In the existential sense, my burden cannot be unburdened for it is the burden of mineness, of being a self. But skillful accompaniment can make my burden easier to bear. Job’s friends fail to accompany him. Thus, his suffering becomes the suffering of loneliness and isolation, in addition to his sheer loss. Cain cannot bear the burden that comes from doing and choosing good, of being a moral agent, and thus reduces himself to impulse, to violence, to base animality. We might say that his envy is itself a symptom of a deeper loneliness. Comparison may be the thief of joy, but it is also the child of loneliness. If Job gives us an illustration of a man whose community abandons him when the going gets tough, Cain shows us the image of those who seek connection in all the wrong ways— “if God would just accept my sacrifice, if I could just get that one thing I covet I’d be fulfilled, right?” The idolatry of vanity metrics, the hedonic treadmill, the view that acquisition and accomplishment will make one whole, are downstream of loneliness. The burden of the self can lead us to isolation or its opposite, connection. Cain ostensibly wants out, but if we read him intertextually with Job, he also wants in, he just doesn’t have any help. He regards his brother as adversary rather than as friend. He is alone, though it is not good to be alone.
Moses is a righteous, humble prophet, hardly an envious murderer, but he, too, strikes a man in haste. He kills an Egyptian task master and is forced to flee. He, too, loses his cool, when descending the Mountain, when standing at the waters of Meriba before a bitter crowd. There is an element of Cain in Moses, as there is in all of us when we act in a fit of frenzy. Moses, it might be said, feels the pain of Job in his own condition of friendlessness. And Moses dies alone. Moses is no pariah. He wears no mark of Cain, but he is differentiated by his veil of light.

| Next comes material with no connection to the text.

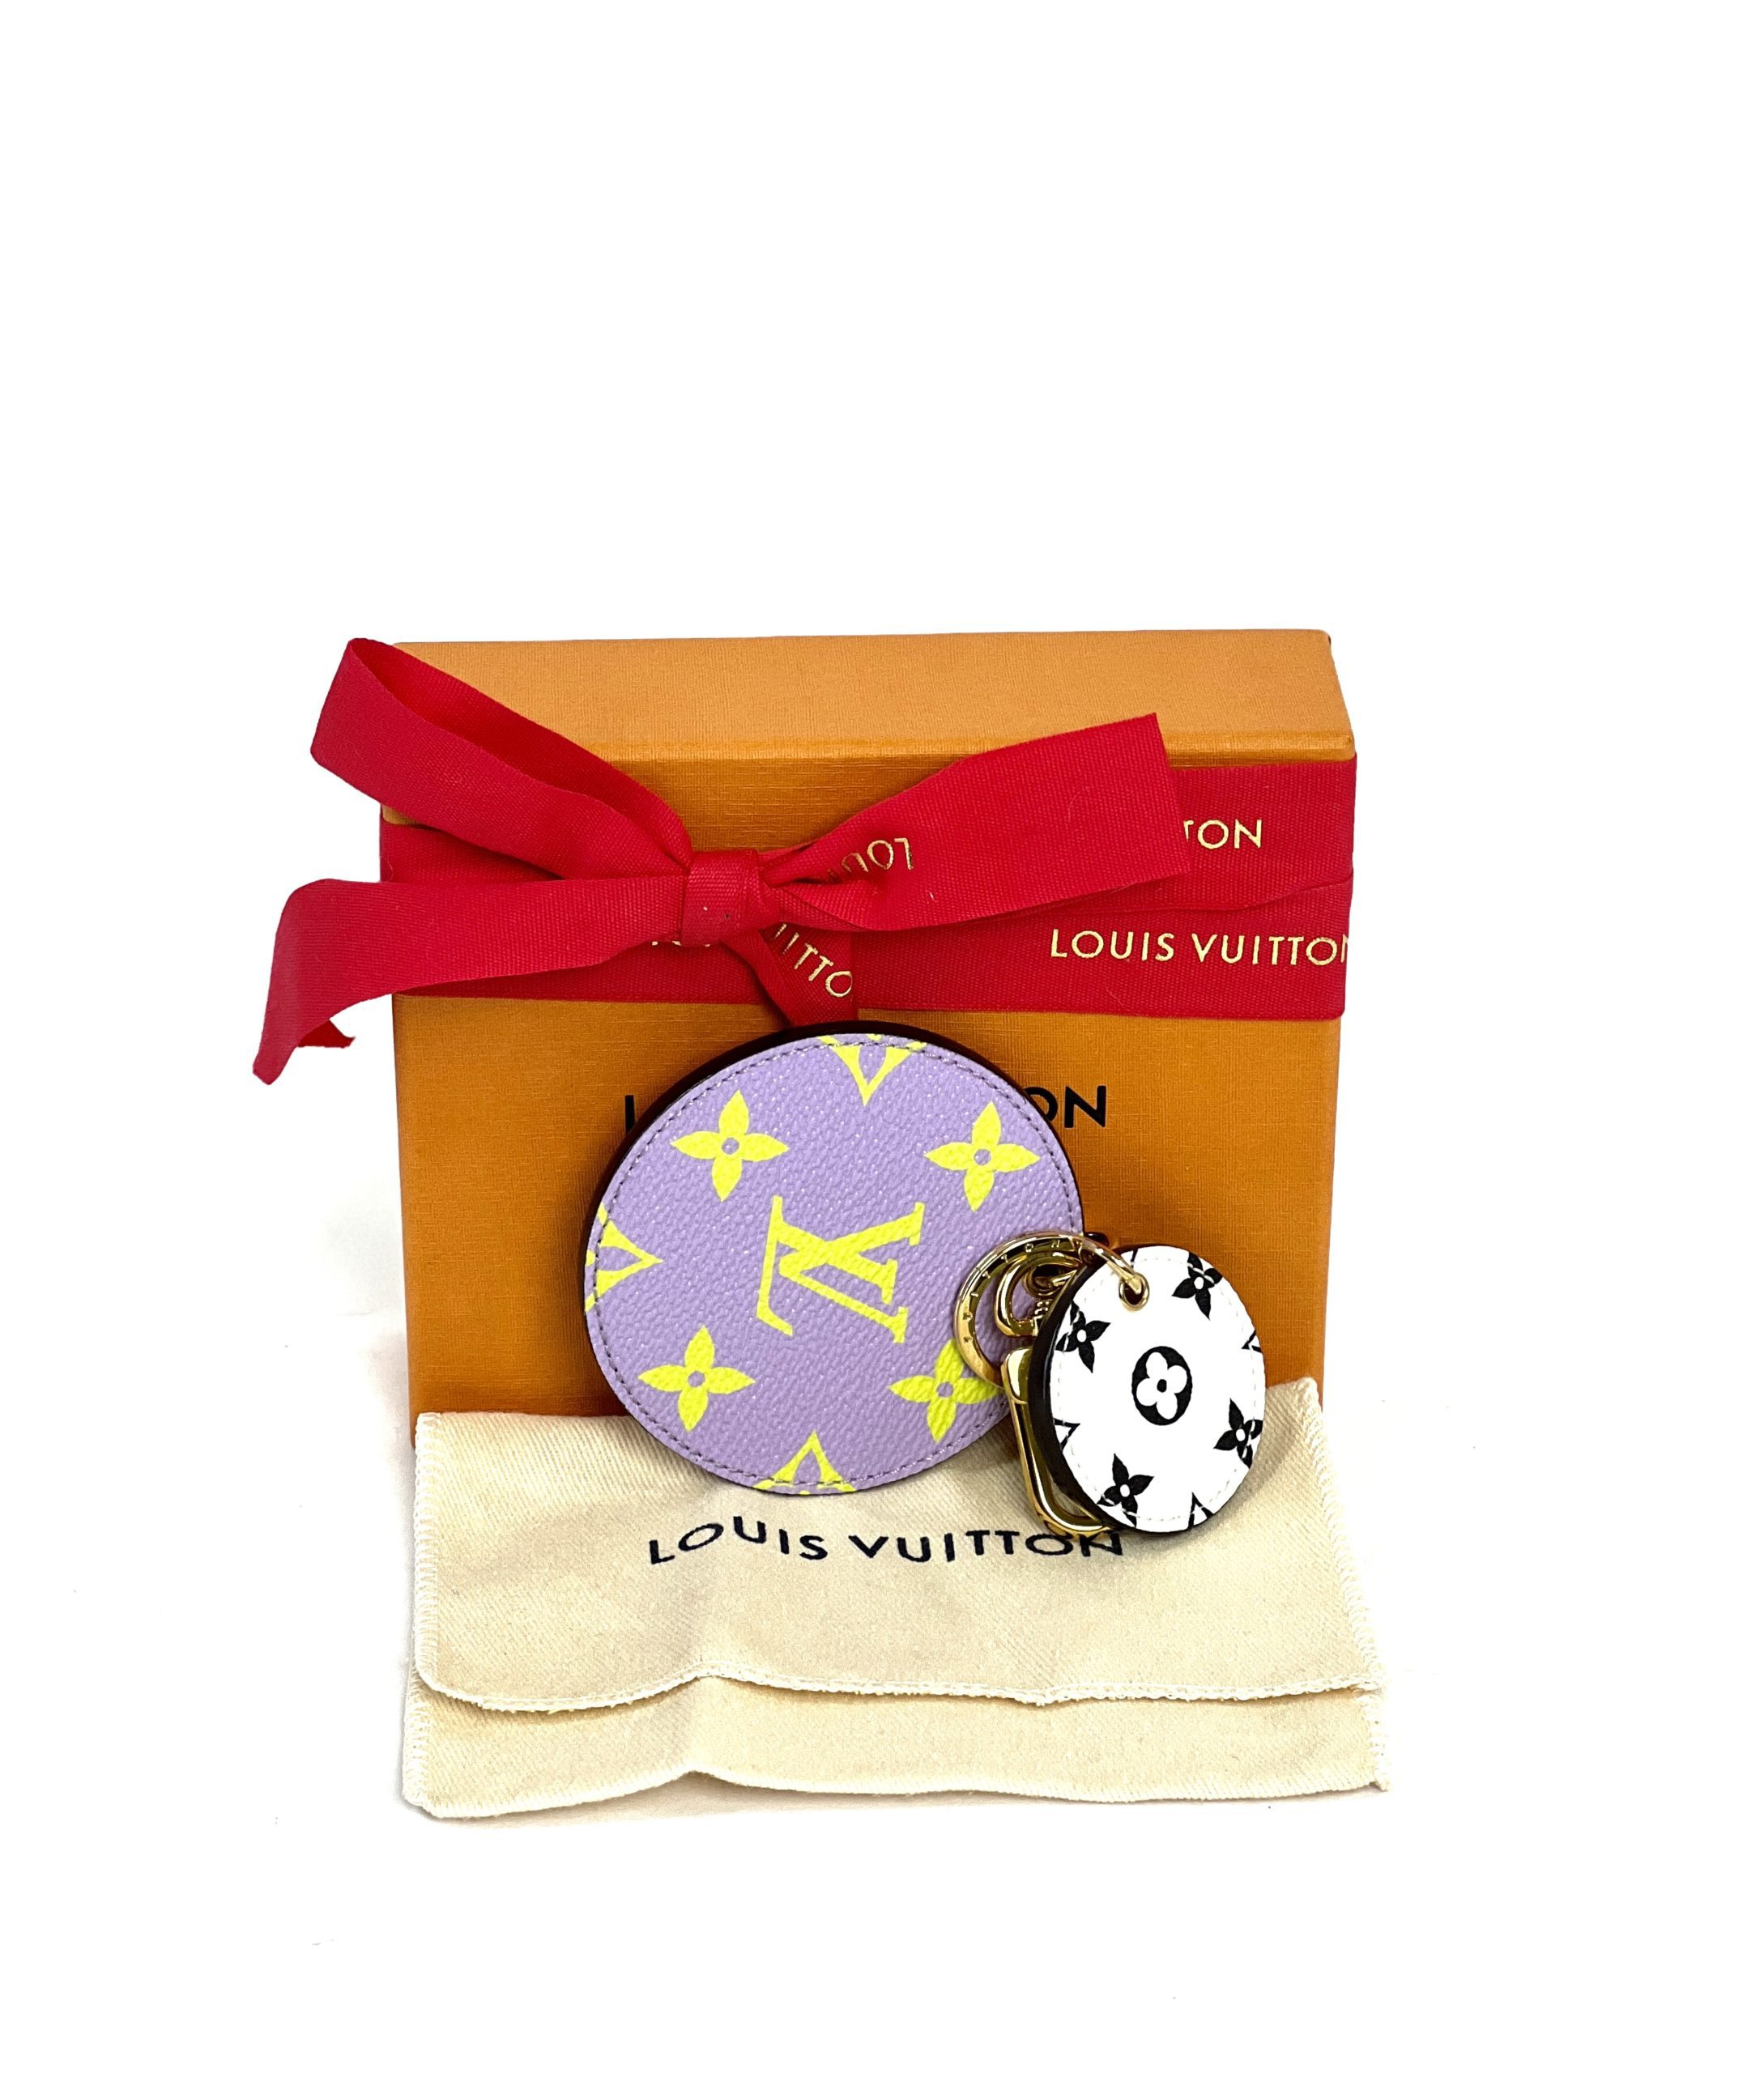 Louis Vuitton Gift Box and LV Ribbon w/tag

So everyone is lonely—Cain (perpetrator), Job (victim), Moses (leader)—and it’s burdensome? Yes. In fact, if we look closely we may see elements of perpetrator, victim, and leader in all three characters, with different inflection. But, Moses—and this is what makes for leadership—overcomes his loneliness, or accepts it, and changes it. He tells the people at the beginning of Deuteronomy that they were too much to bear. He speaks to them while saying it and he puts it in the past tense. The spiritual reason Moses finds a way through is that he stops seeking to feel unlonely. He stops requiring his people to “get him.” He understands the fundamental gap between leader and people, and between person and person, and he makes peace with it. He also finds accompaniment with God. “The Lord is my shepherd, I shall fear no evil [loneliness].” The burden of the self not only becomes bearable but becomes a source of uplift when we stop assuming it should be otherwise. But what can give us that clarity, that shift? Sartre and Nietzsche would say that you can get it just by committing to it. But Moses offers a theological approach to the question: we are not alone. God is with us.

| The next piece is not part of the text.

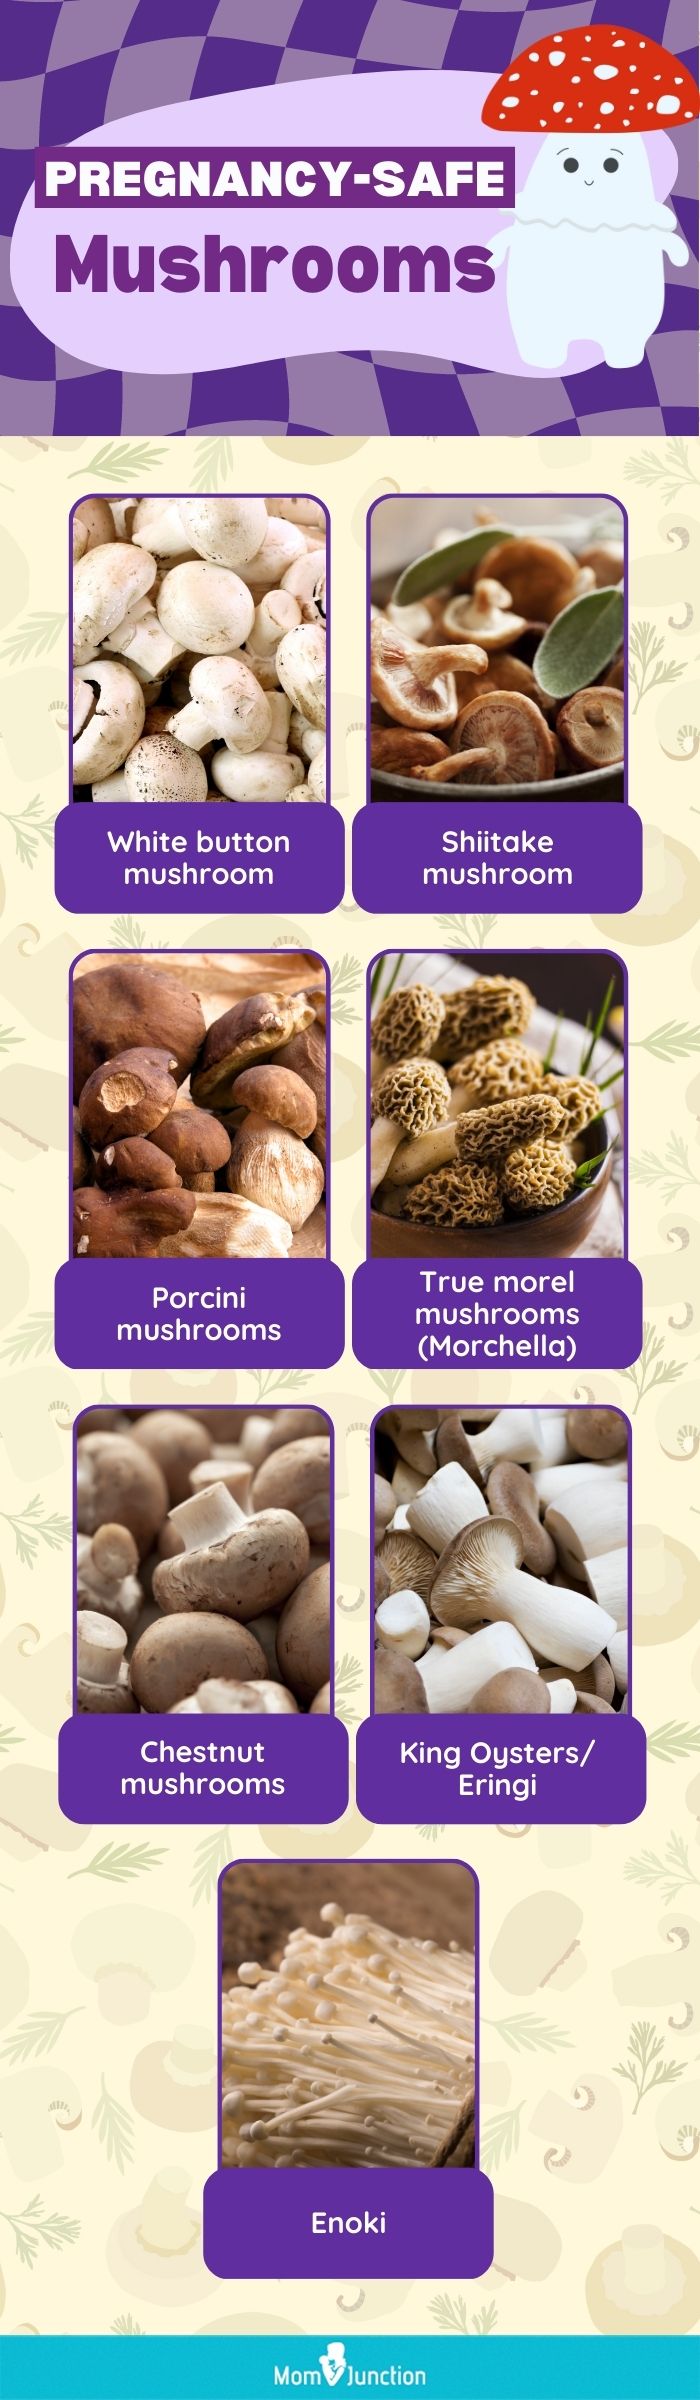 pregnancy safe mushrooms (infographic)

During these 9 days of Av, let us consider the loss of the Temple as a symptom of gossip, itself a symptom of loneliness and misplaced desire to bear the weight of the self. For the loneliness that compounds loneliness; for our inability to accept the mandate of our fundamental distinction, and our clinging to the idle chatter of Job’s “friends,” and the base reactivity of Cain, for this I weep.